Сказала — и засмеялась. Сама услышала, что получилось немного фальшиво.
Мама посмотрела на меня. Очень долго. Потом аккуратно поставила чашку на блюдце — так тихо, что звук показался громким. Встала. Ушла в ванную. Закрылась.
Сначала тишина. Потом я услышала плач. Не рыдания — именно плач, тихий, долгий, будто внутри что-то рвётся по живому, медленно, без остановки.
Я постучала. Это значило что-то очень плохое.
— Мам? Прости… я не хотела…
Дверь открылась. Она стояла в проёме — лицо мокрое, глаза красные, но уже спокойные.
— Садись, — сказала тихо она. — Расскажу тебе.
И рассказала.
Была ещё девочка. Между мной и младшим братом. Родилась на две недели раньше срока. Крохотная, почти прозрачная.
Врачи говорили: «Шансов мало». Прожила двое суток и несколько часов. Мама держала её на руках почти всё это время. Её кормили из пипетки, она шептала ей что-то, пела. Верила в лучшее.

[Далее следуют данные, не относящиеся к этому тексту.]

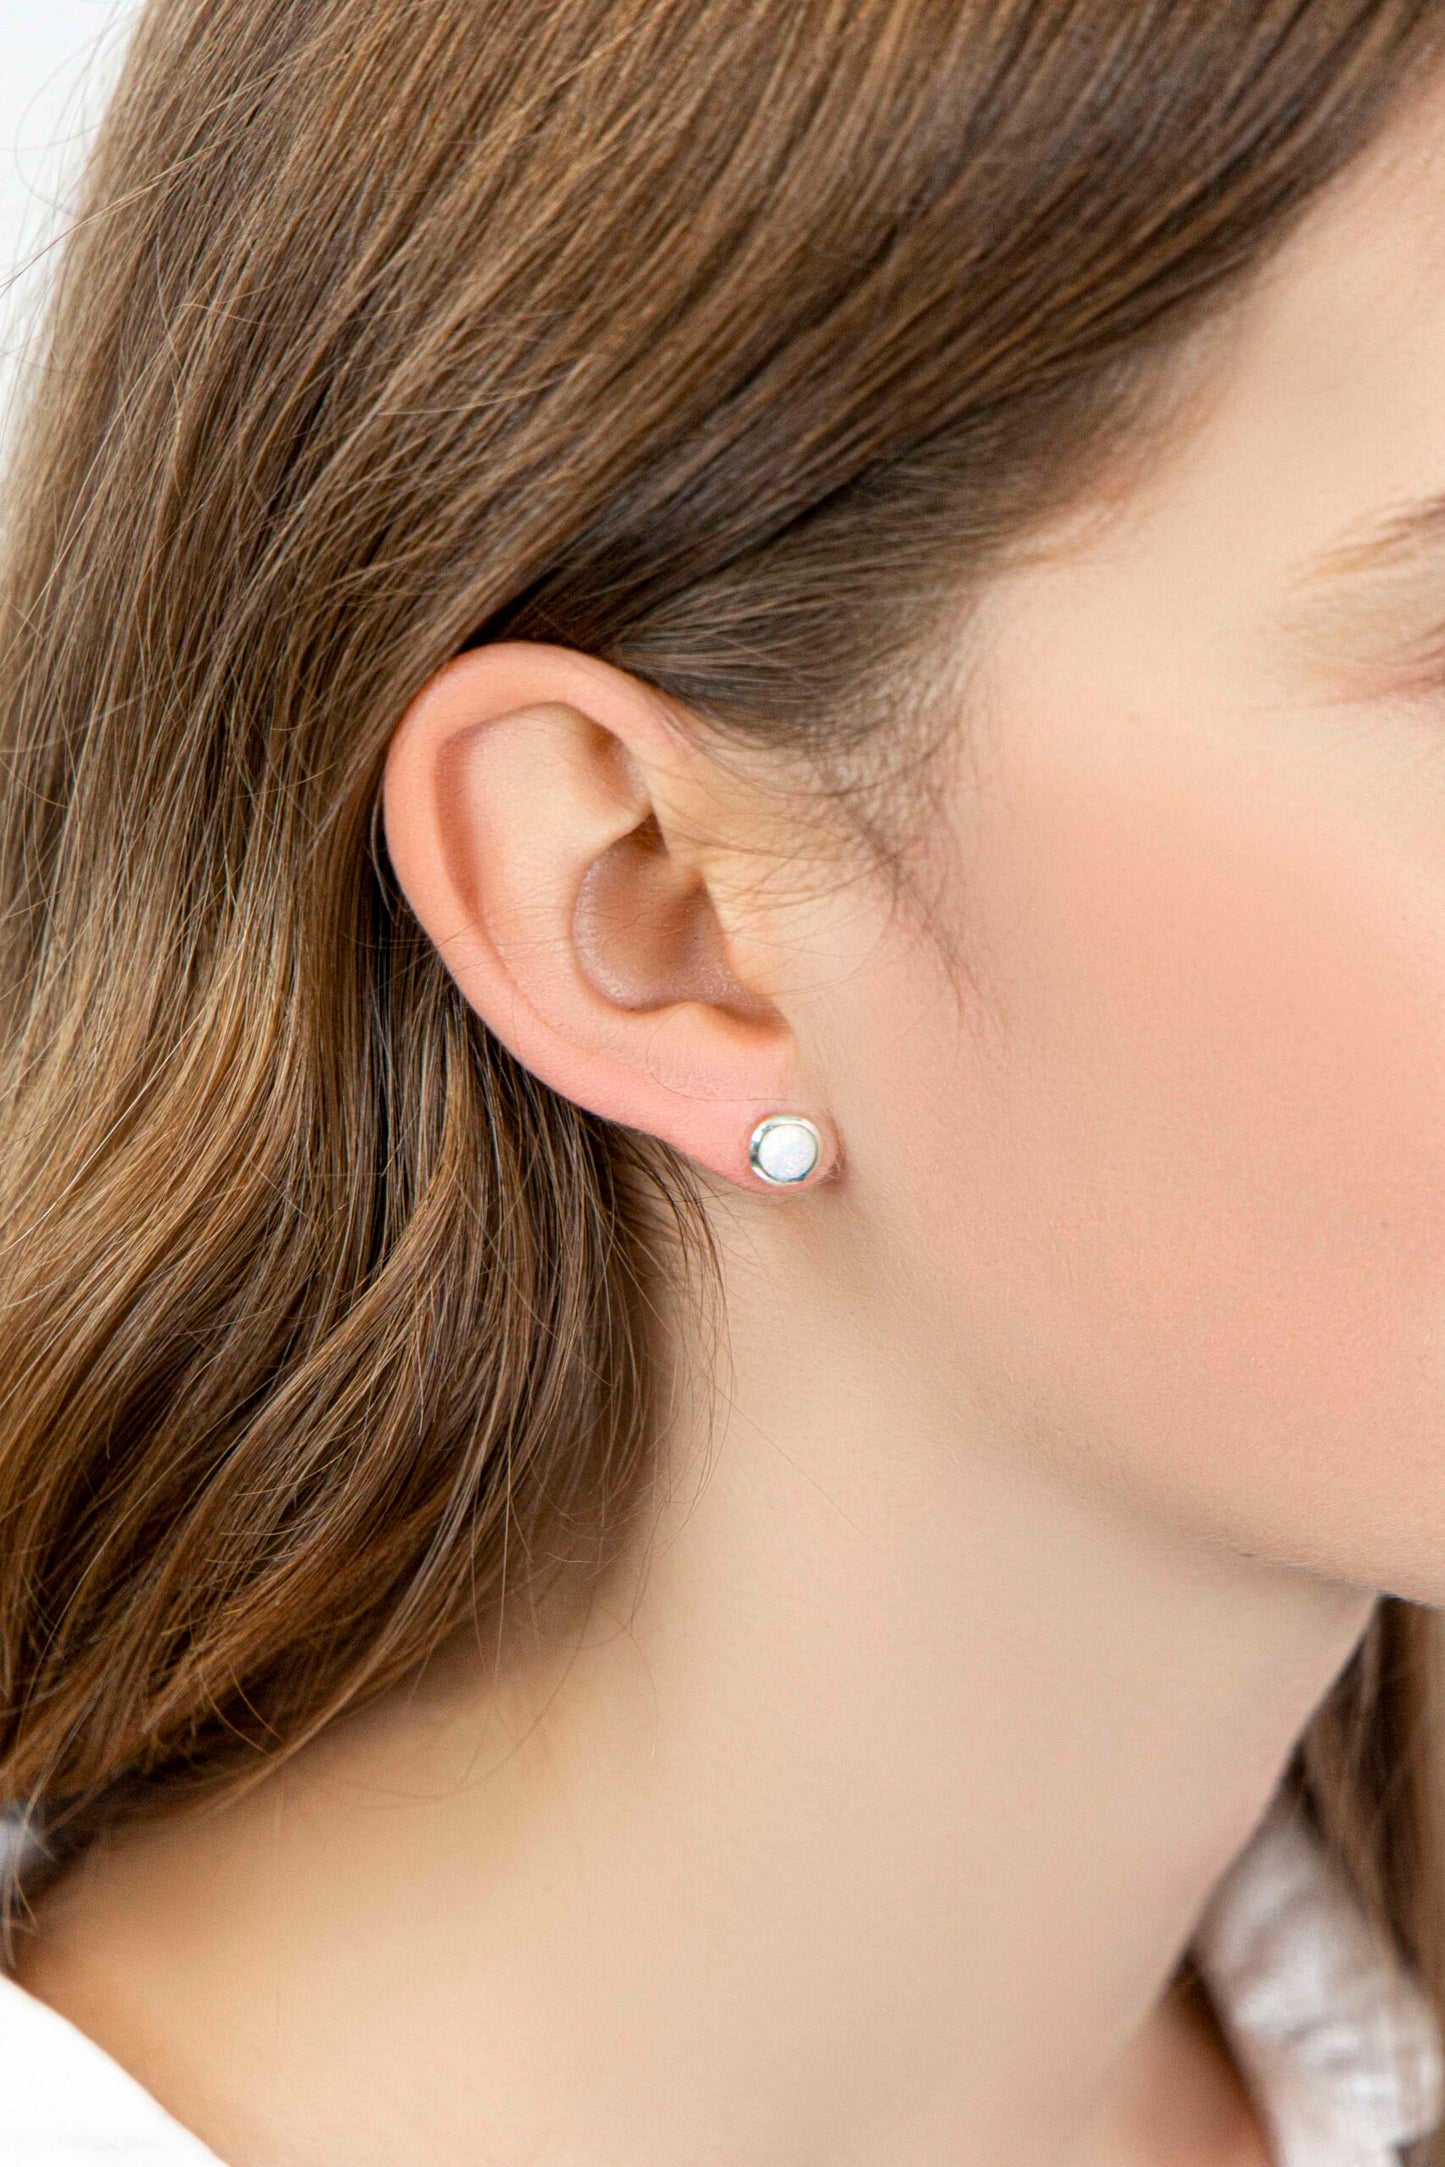 White Opalite studs - 7mm stud earrings

Отец пришёл в роддом премного выпивший. Посмотрел на свёрток и сказал: «Зачем ты мне такого ребенка родила, лучше б сына здорового родила».
Развернулся и ушёл.
На следующее утро ребенка не стало.
Мама прощалась с ней одна. Маленький холмик в самом дальнем углу детского участка. С табличкой, с крестом, номер участка и строчка в книге записи.
Она ездила туда первые годы каждую субботу. Потом реже. Потом перестала совсем — дома хватало проблем и забот.
Но никому из своих детей этого не рассказывала.
— Почему? — спросила я шёпотом, когда она закончила рассказывать.
— Боялась, — ответила мама. — Боялась, что если скажу — вы возненавидите его ещё сильнее. А я… я и так его ненавидела. И всё равно любила. И думала: пусть лучше винят выпивку. Пусть думают, что он просто слабый. Но не чудовище.
Она замолчала. Потом взяла мою руку.
— Когда ты сегодня пошутила… я вдруг поняла, что всю жизнь ждала, что кто-то из вас спросит. И одновременно молилась, чтобы никто никогда не спросил об этом.
Мы сидели долго.
Потом она сказала:
— Пойдём завтра на кладбище. Покажу тебе, где она. Давно пора.
Я кивнула.
Внутри что-то сдвинулось и встало на место — больно, но уже честно.
На следующий день мы поехали. Долго искали нужный участок. Всё заросло бурьяном. Мама опустилась на колени, руками разгребла траву. Под ней — маленький, почти незаметный бугорок.
Она положила туда жёлтую хризантему. Одну.
А я стояла рядом и впервые в жизни поняла, что можно одновременно ненавидеть человека так сильно — и всё равно жалеть его. Потому что он тоже был потерян. Только его никто так и не нашёл.